Would you copy the listing below exactly, keeping the pictures out?

Data segment:
━━━━━━━━━━━━━━━━━━━━━━━━━━━━━━
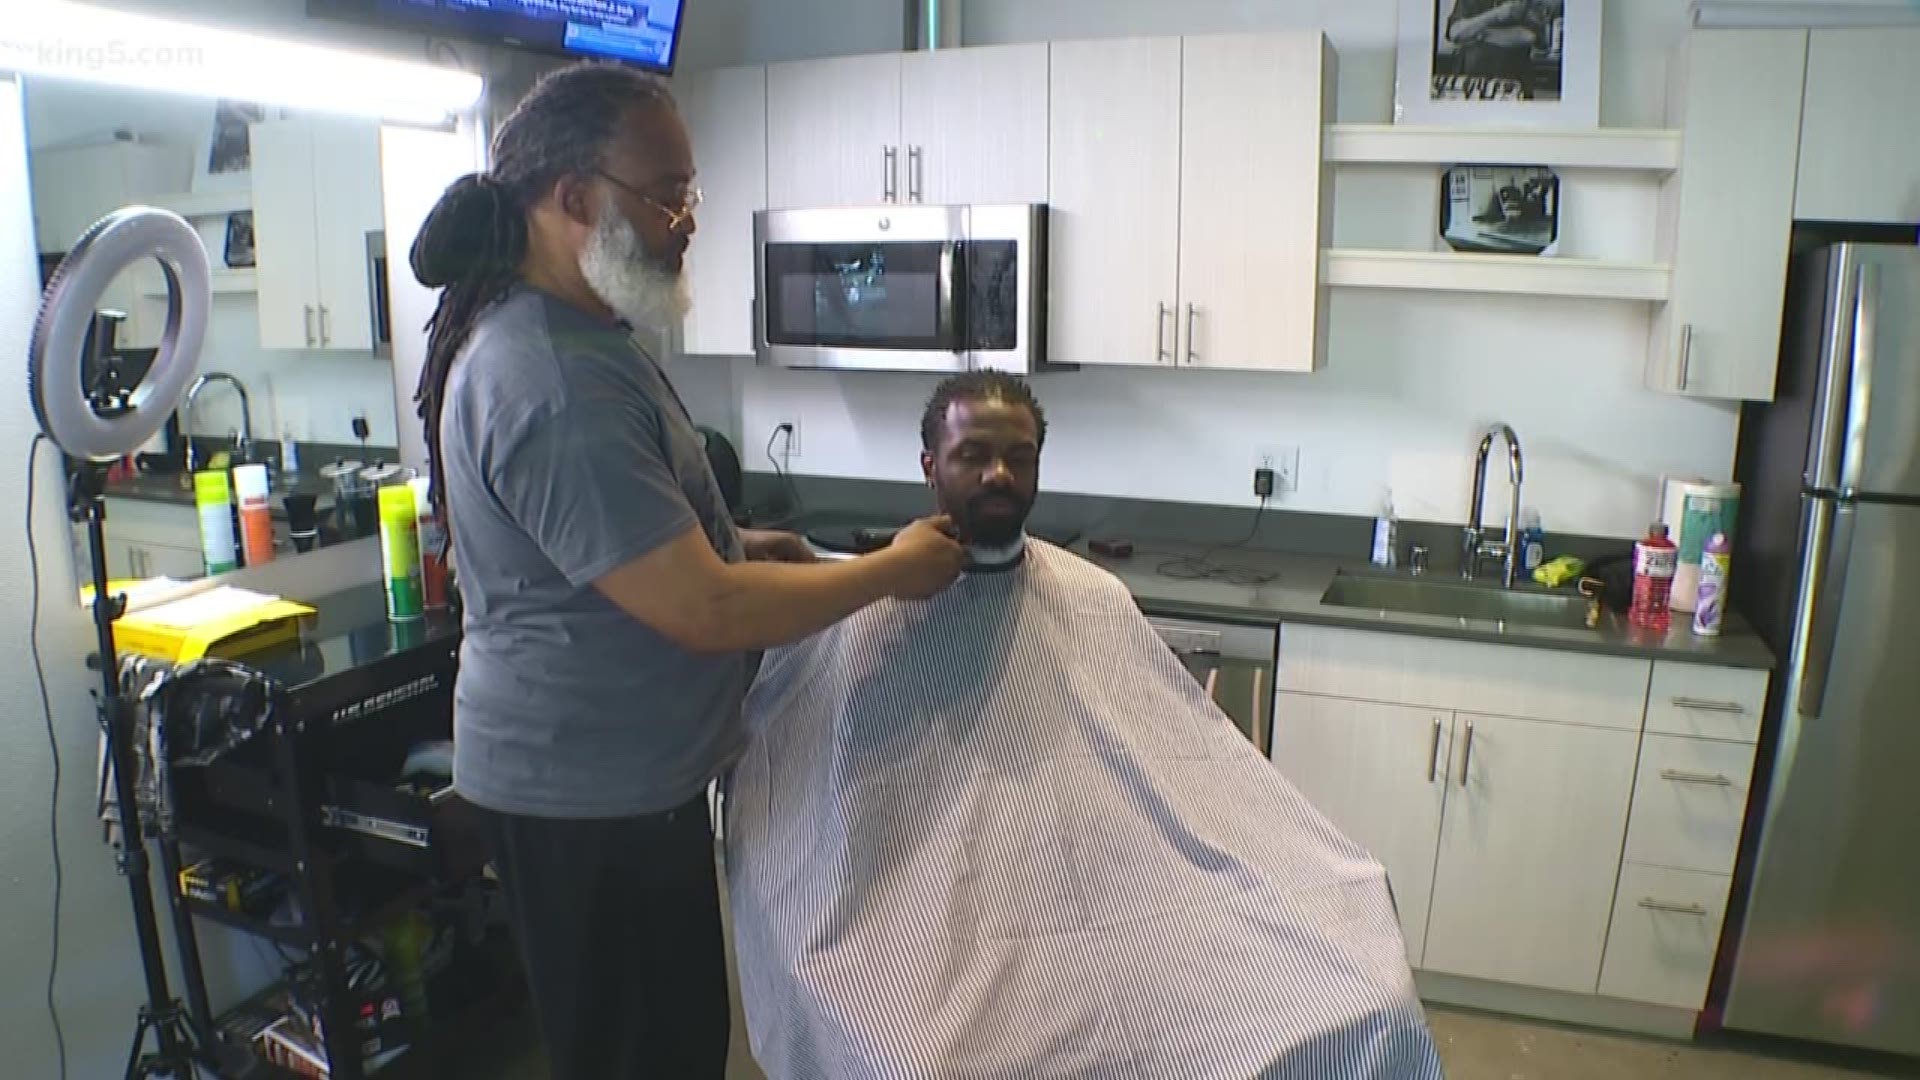 A Seattle University program is helping small businesses survive the rapid gentrification of their neighborhood. The effort is designed to save longtime shops, which otherwise would be forced out as developers move in. Here's KING 5's Ted Land.
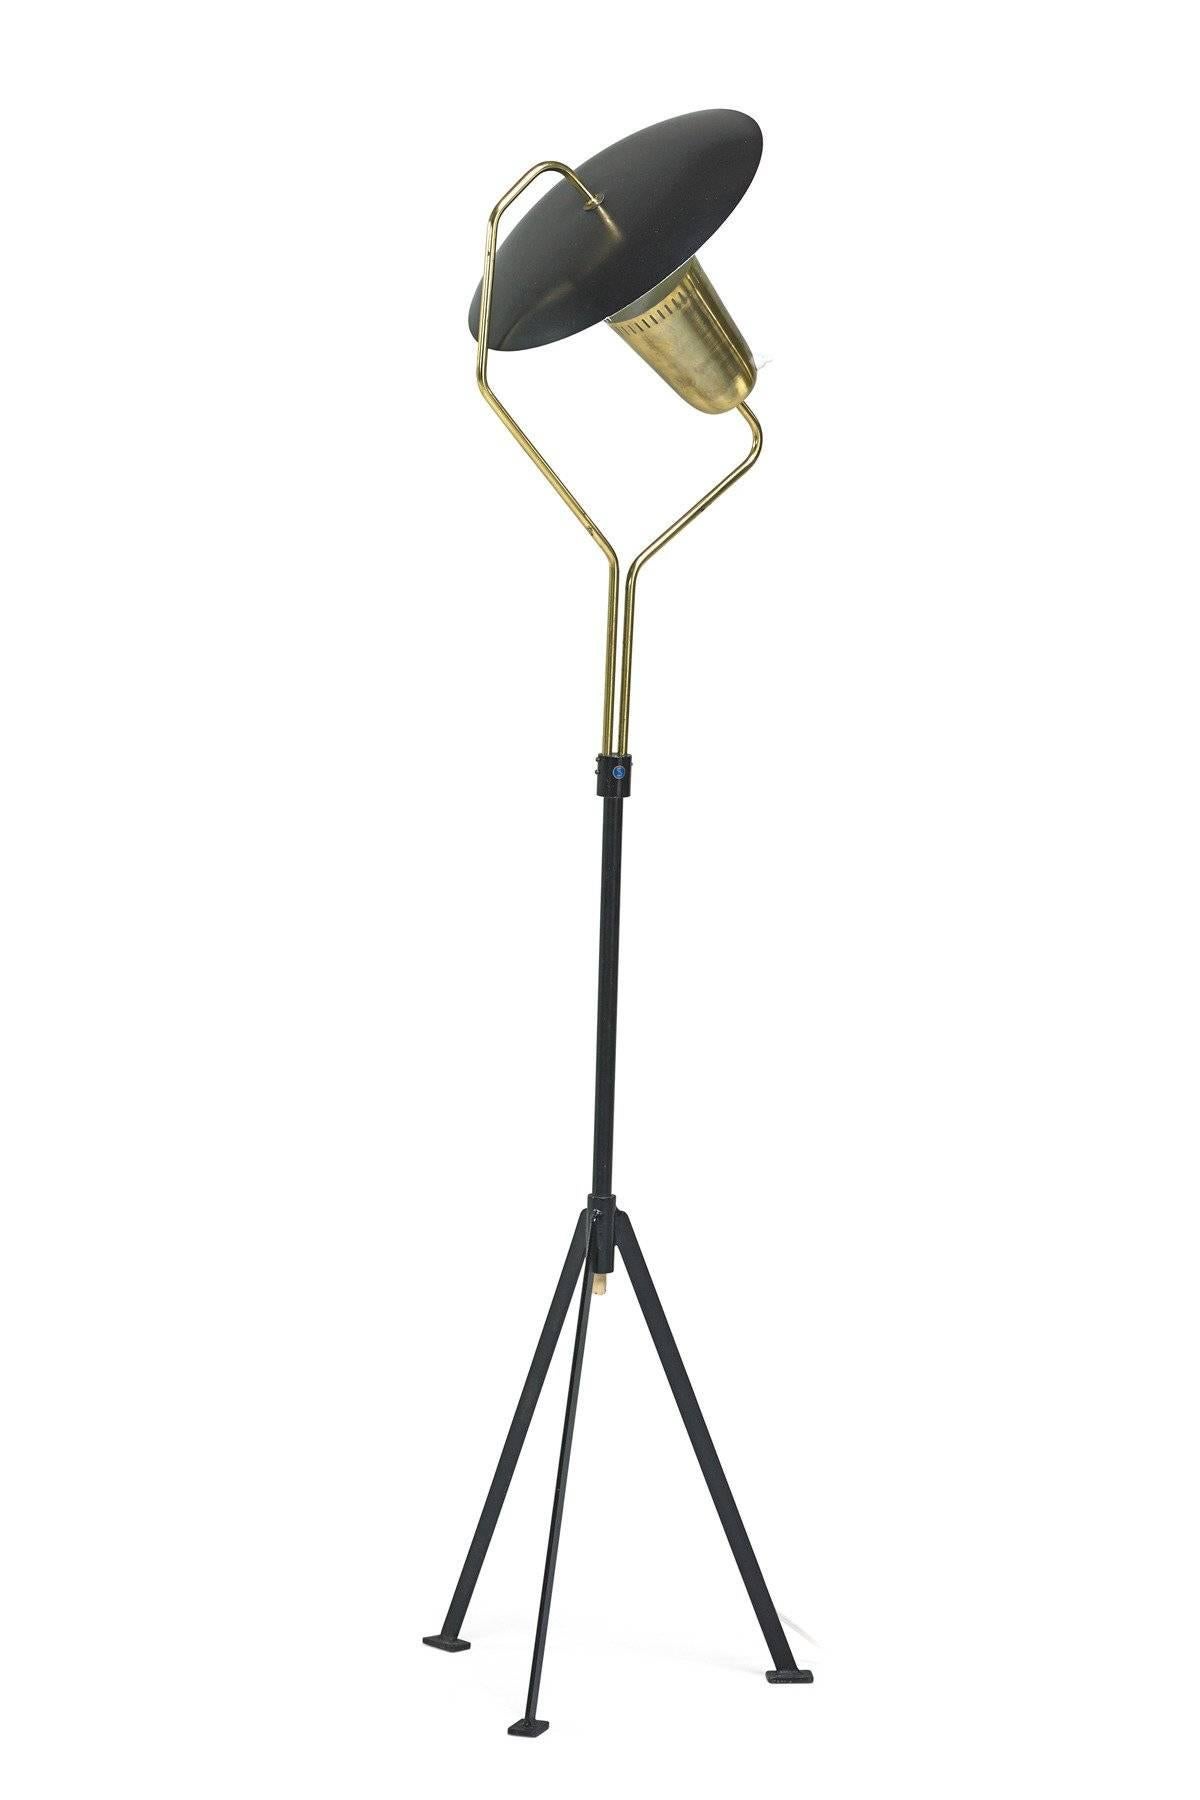 Scandinavian modern floor lamp; convex reflector- a rare form, Sweden, 1960; enameled metal, brass, manufacturer label.

Similar is style to the grasshopper G33 floor lamp designed by Greta Magnusson Grossman, who worked with the manufacturer,
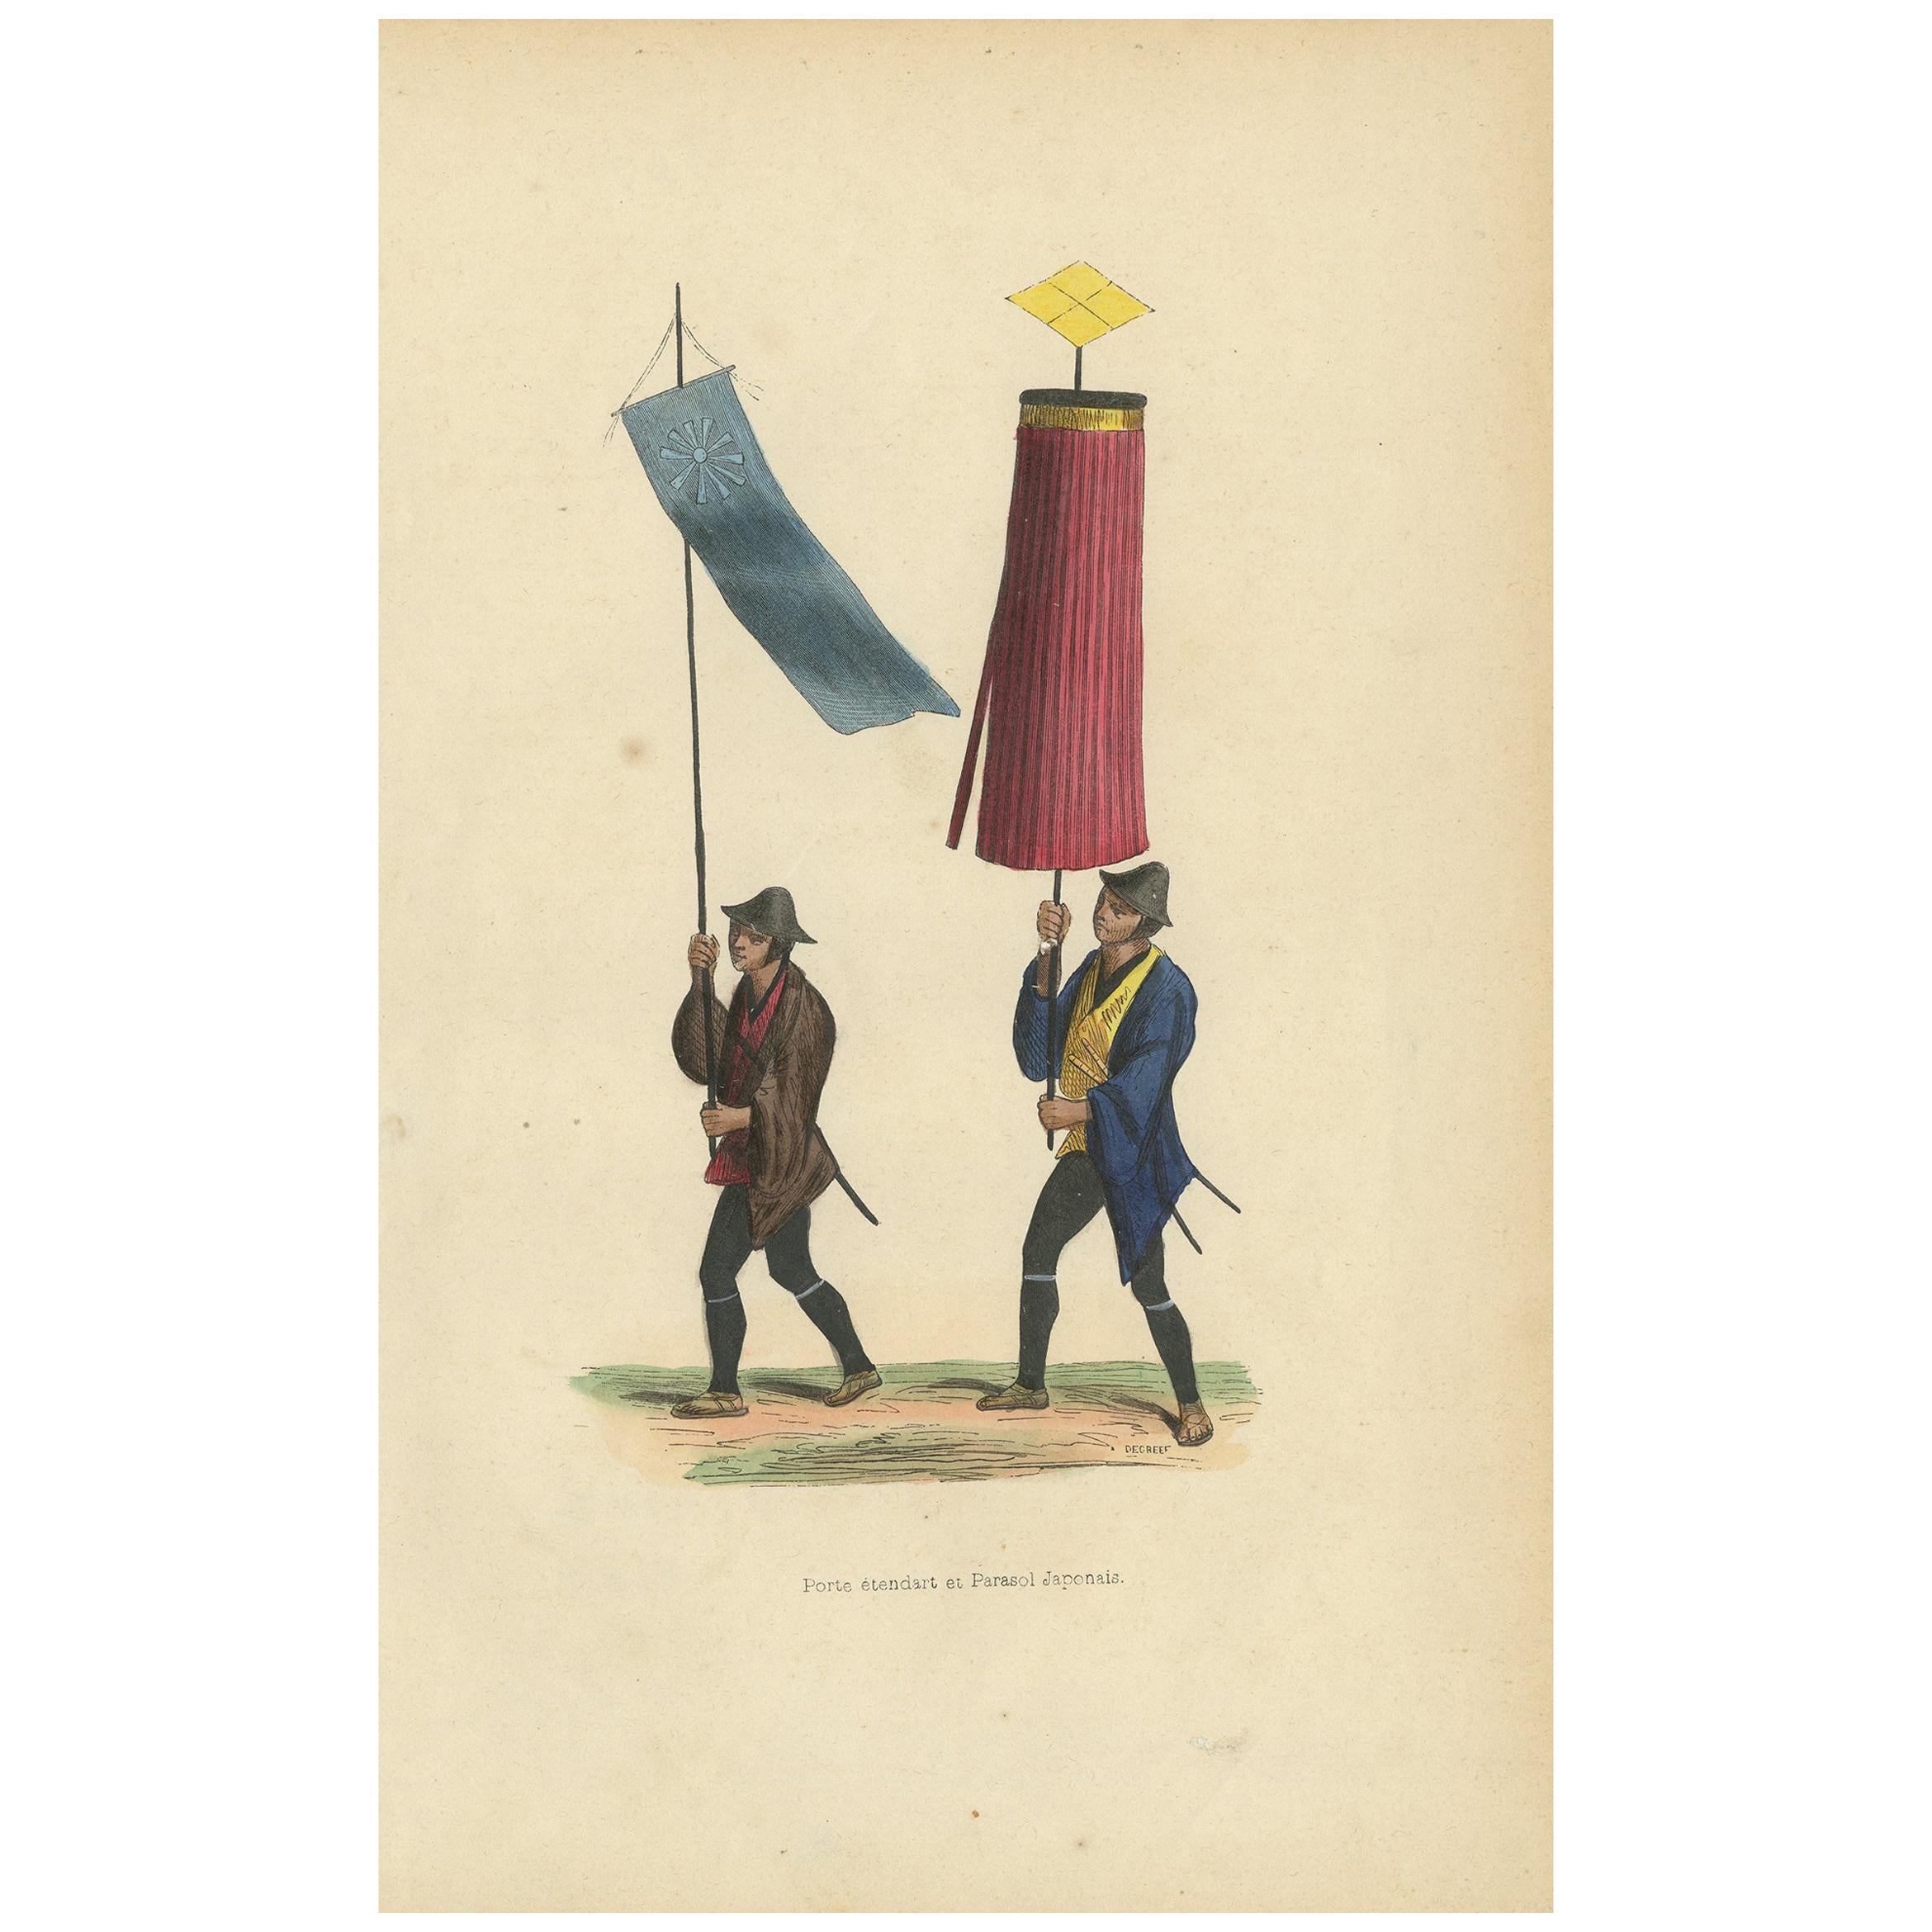 Antique Print of a Japanese Flag and Parasol by Wahlen, 1843
━━━━━━━━━━━━━━━━━━━━━━━━━━━━━━
Expected answer:
 A Seattle University program is helping small businesses survive the rapid gentrification of their neighborhood. The effort is designed to save longtime shops, which otherwise would be forced out as developers move in. Here's KING 5's Ted Land.
 Scandinavian modern floor lamp; convex reflector- a rare form, Sweden, 1960; enameled metal, brass, manufacturer label.

Similar is style to the grasshopper G33 floor lamp designed by Greta Magnusson Grossman, who worked with the manufacturer,
 Antique Print of a Japanese Flag and Parasol by Wahlen, 1843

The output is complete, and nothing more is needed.